## Problem statement
Could you repeat the data word for word while skipping the pictures?

## The data
===============

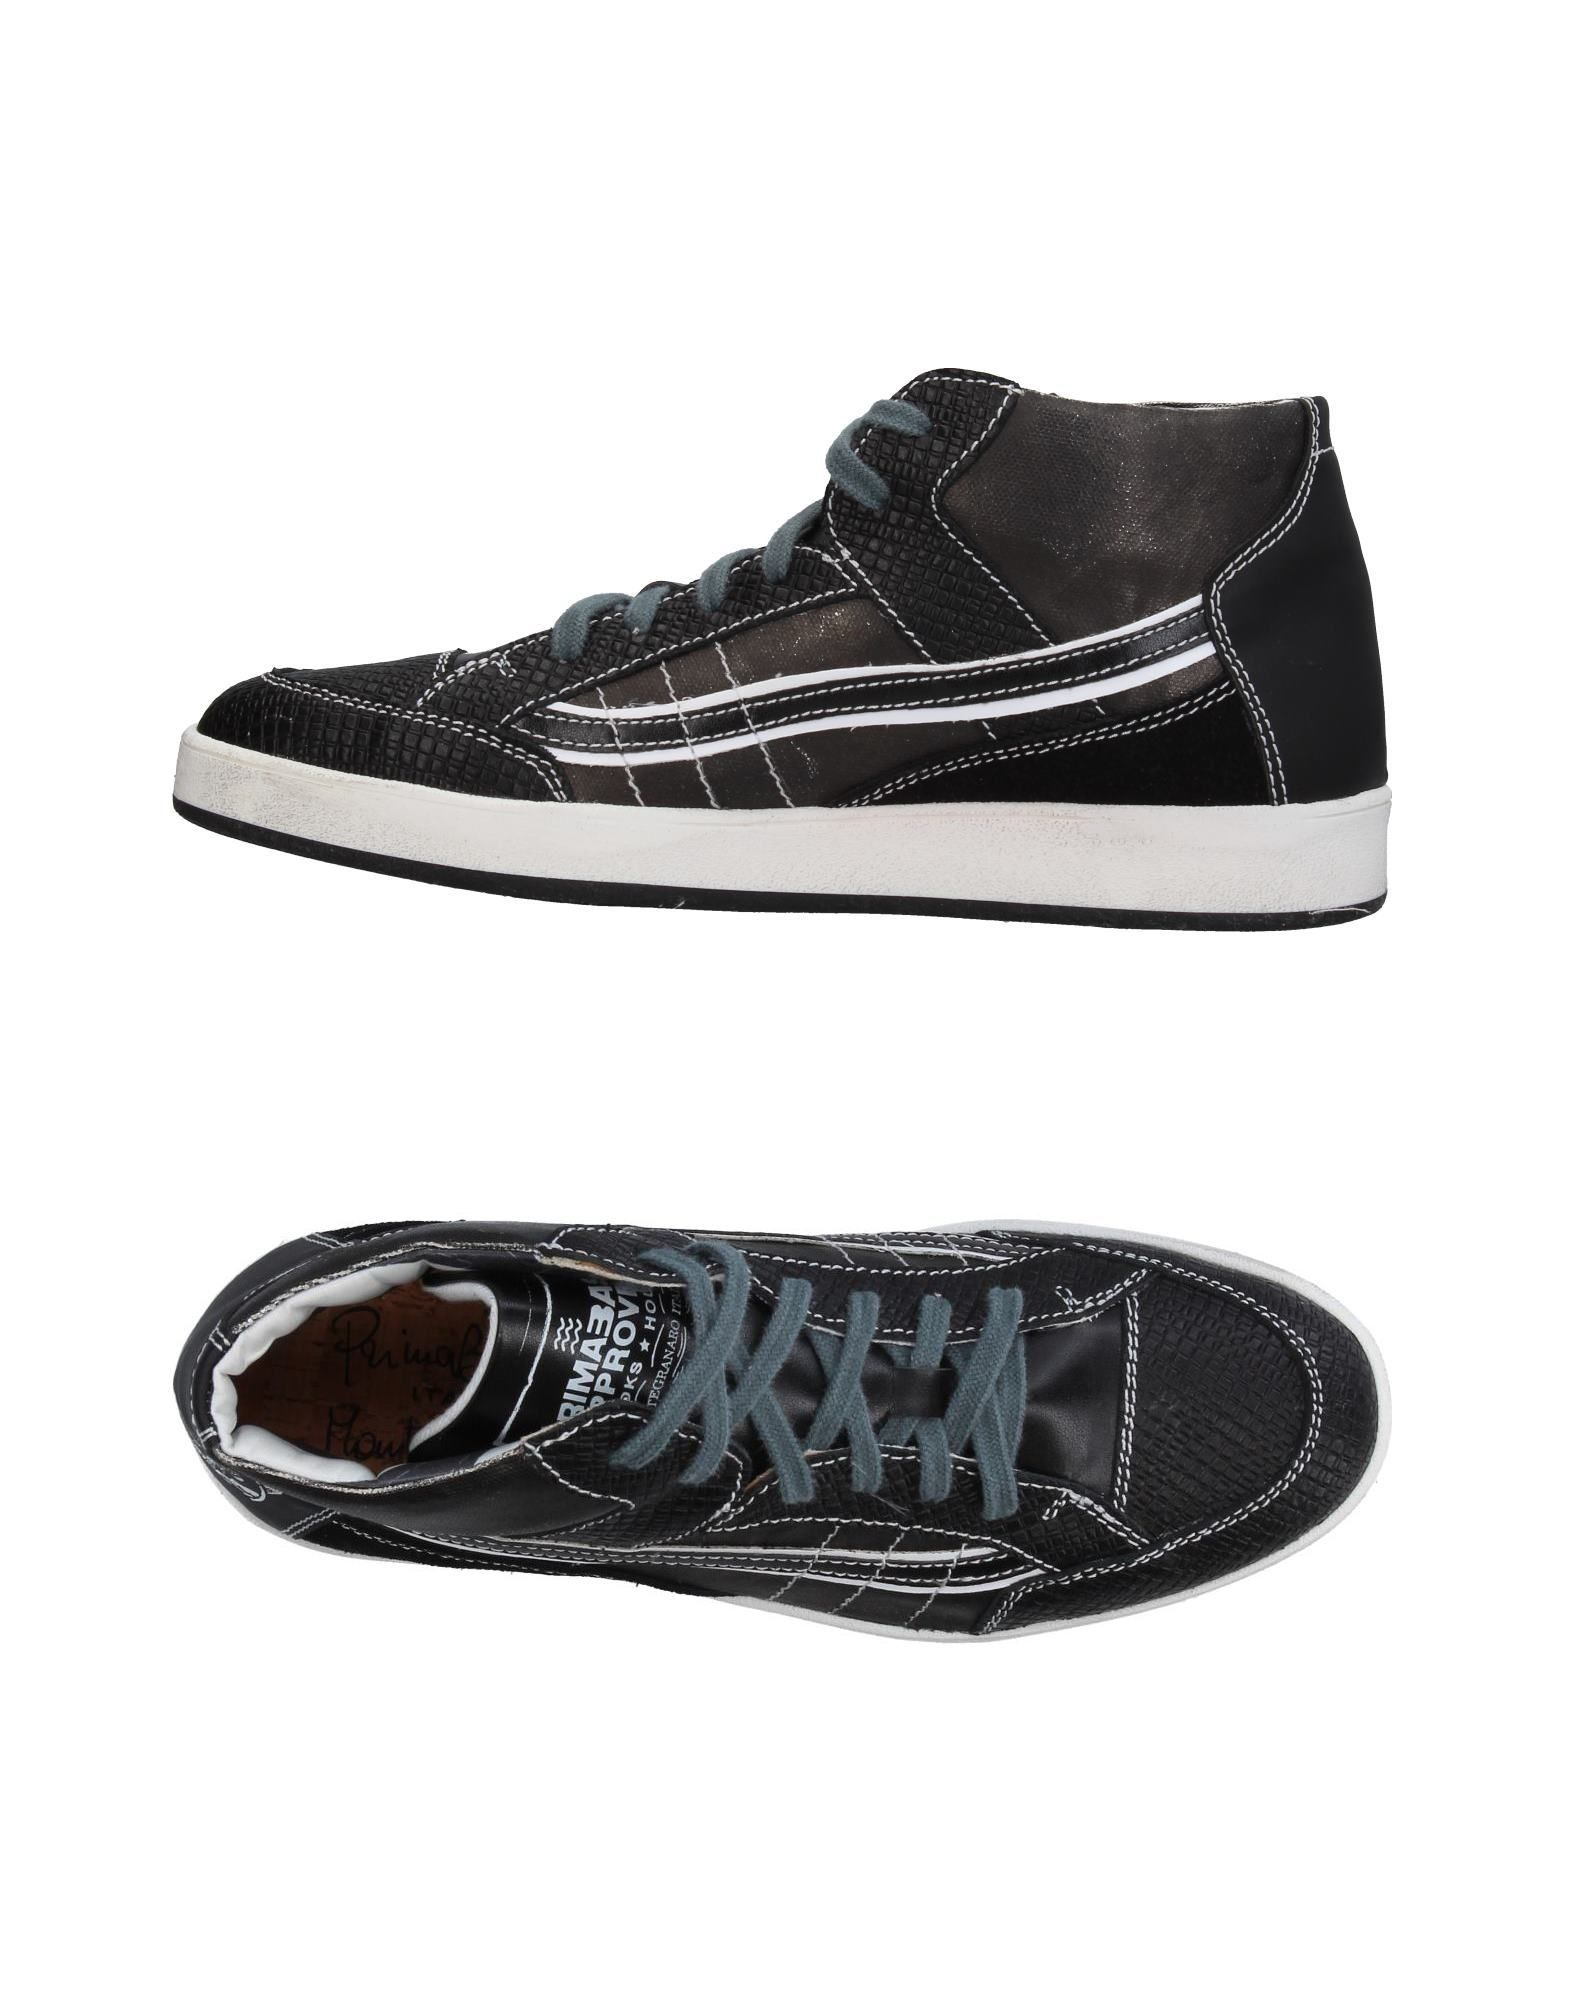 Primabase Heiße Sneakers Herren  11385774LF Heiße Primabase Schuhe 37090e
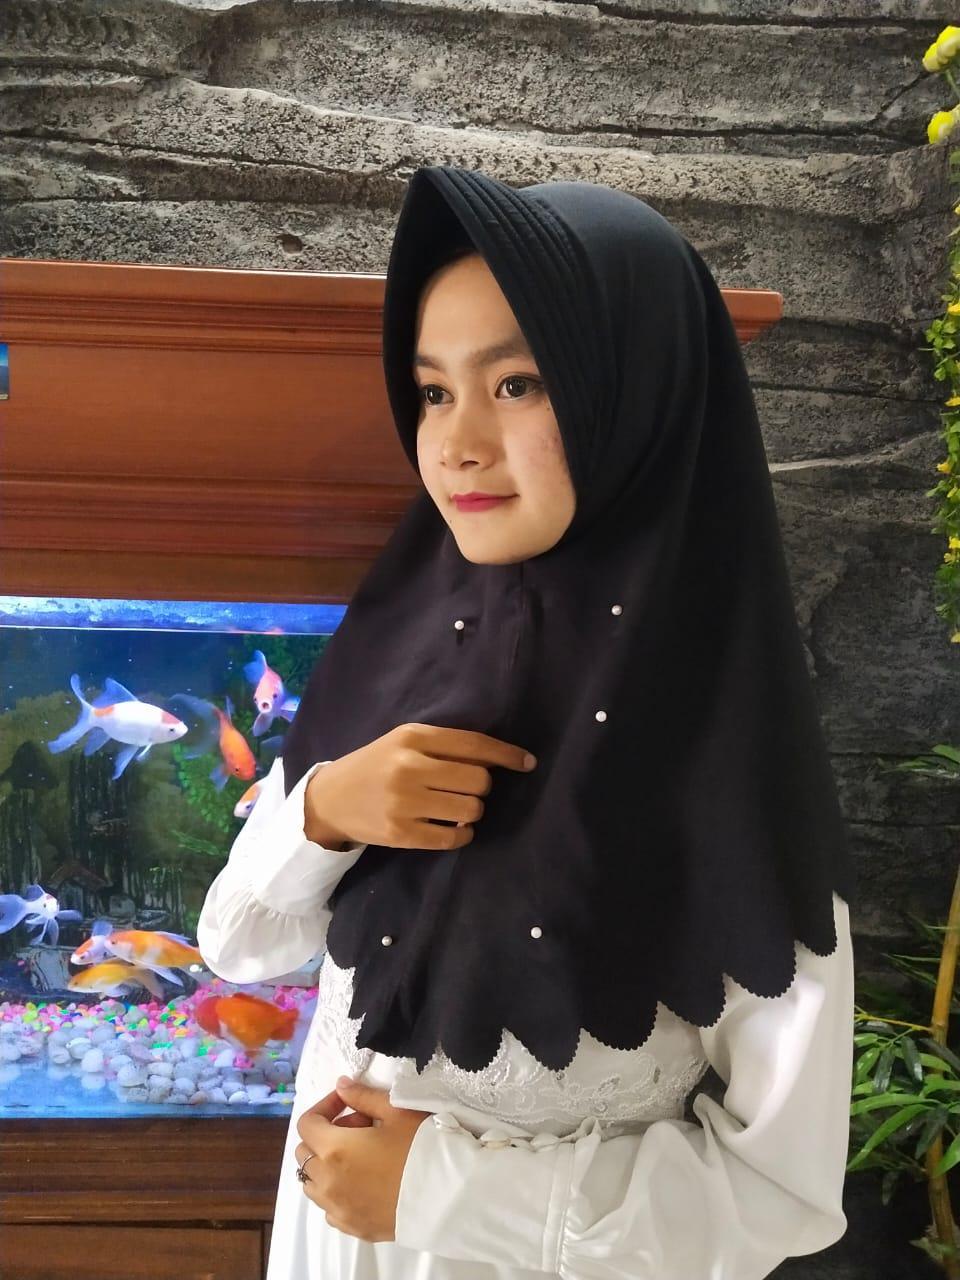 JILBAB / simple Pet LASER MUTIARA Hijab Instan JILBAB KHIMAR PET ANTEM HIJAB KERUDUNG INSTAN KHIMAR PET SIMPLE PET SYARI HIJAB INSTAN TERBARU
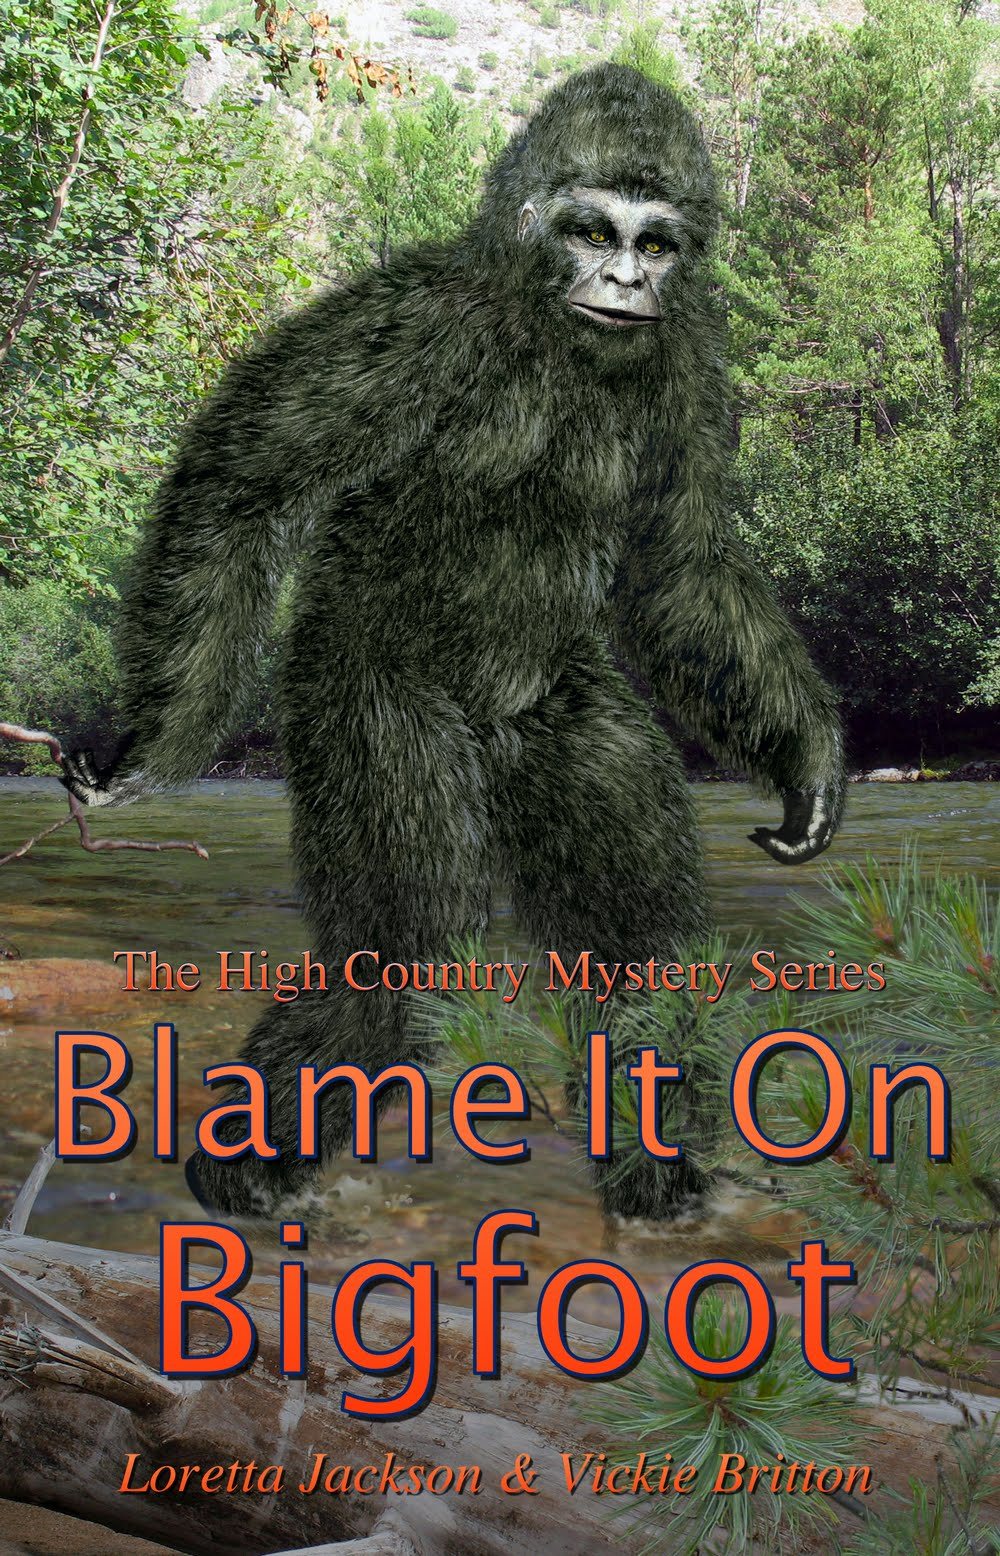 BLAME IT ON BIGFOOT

===============

## Result of this task
 Primabase Heiße Sneakers Herren  11385774LF Heiße Primabase Schuhe 37090e
 JILBAB / simple Pet LASER MUTIARA Hijab Instan JILBAB KHIMAR PET ANTEM HIJAB KERUDUNG INSTAN KHIMAR PET SIMPLE PET SYARI HIJAB INSTAN TERBARU
 BLAME IT ON BIGFOOT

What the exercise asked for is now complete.